Motherless Day: Mother’s Day Without My Children

This is what it is like to be alienated from your children on Mother’s Day due to an abusive ex, and an unjust family court order… 

The last time I saw my children, they said to me, “Dad is thinkin’ about letting us visit on Mother’s Day… we might get to see you.”

My son was hinting about a gift he for me, I told him an extra big hug was I wanted most. My son is getting so big that when he hugs me tight, I can barely breathe! My daughter was excited to spend the day together, but hesitant to say much in fear that the visit would not happen.

I don’t know how long my kids were teased with the half-promise, “Spending Mother’s Day with Mom…” It had to be a minimum of 2 weeks.

Two weeks of remembering special memories. The time my children gave me purple flowers for Mother’s Day, my favorite color. The time my children squashed into those plastic toy cars you ride in the mall for a few quarters, how they laughed as they bumped back and forth, their legs and arms smashed the tiny car…how my youngest son tried to cram inside, and I angled from the outside, snapping pictures as they screamed and laughed, making exaggerated faces. How we used to play “The Million Things I Love About You”.

Two weeks of excitement, as Mother’s Day neared, the possibility… seeing Mom on one extra day.

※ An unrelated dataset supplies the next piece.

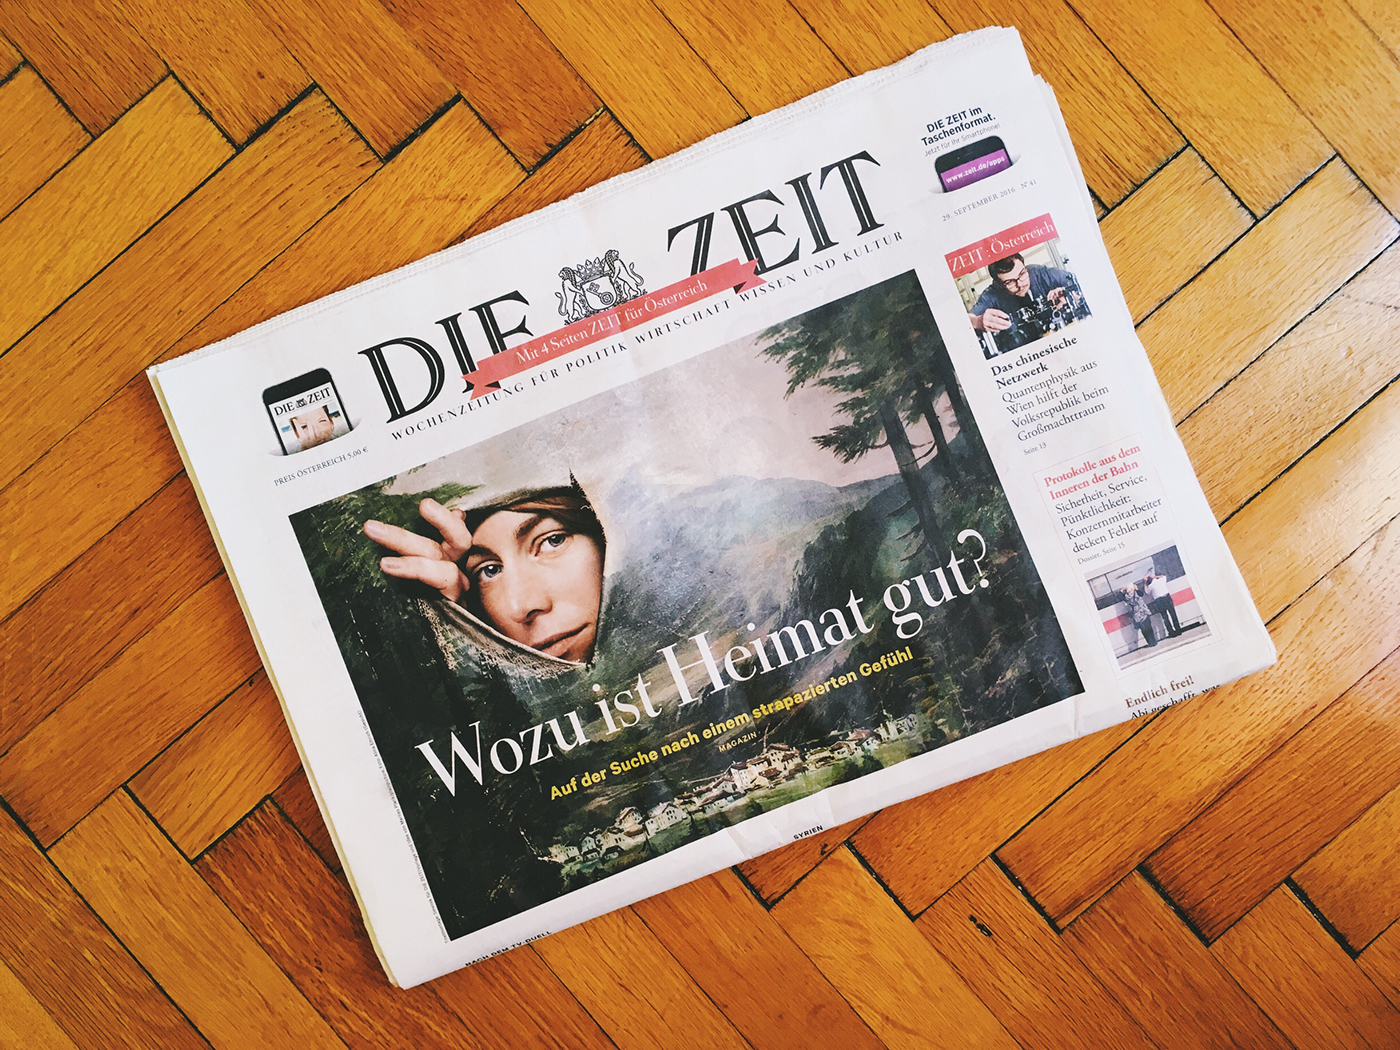 Die Zeit magazin cover artwork

Two weeks remembering the last hug, the last “I Love You”. I knew to say “good-bye” to my children well before they transitioned into their father’s care. Then it was big hugs, laughter, talking about our next visit.

Once my children see their father, they shut down. Eyes go blank. Laughter silenced. No hugs. No sign of affection. They look like zombies as they coldly turn away with barely a word, and my youngest (who lives with me) screams, “Sissy! Brother! Come back!”

playground

Two weeks: One week before the visit, when it was suggested to my children that they might see Mom. And at least a week passed since the visit. Two weeks ticked down to nothing. It did no good to send an e-mail, Mr. X would not respond. Same with text. And Mr. X certainly would not answer a phone call from me. Someone suggested I call and ask to see my children on Mother’s Day. I didn’t know whether to laugh or cry at the suggestion. Mr. X would enjoy having all the power, making me beg to see my children…he would give a vague answer or no answer at all. Maybe at the last minute he would relent and I could see the kids. Maybe he would just let me visit the kids without a problem. And maybe there would be nothing at all.

During these two weeks, my kids would be teased with the half promise they could see Mom on Mother’s Day, and when the visit never happens my kids will be hurt, sad and angry. My son has already told me, “I don’t expect to see you Mom but when it happens it’s a bonus.” My daughter does not understand why she cannot see me, and has demanded I personally talk to “the judge” and tell him to allow more visits. Over time, my children are becoming more distant…even angry… I am a Mom. I am supposed to do something. I am supposed to make it better. But I can’t. 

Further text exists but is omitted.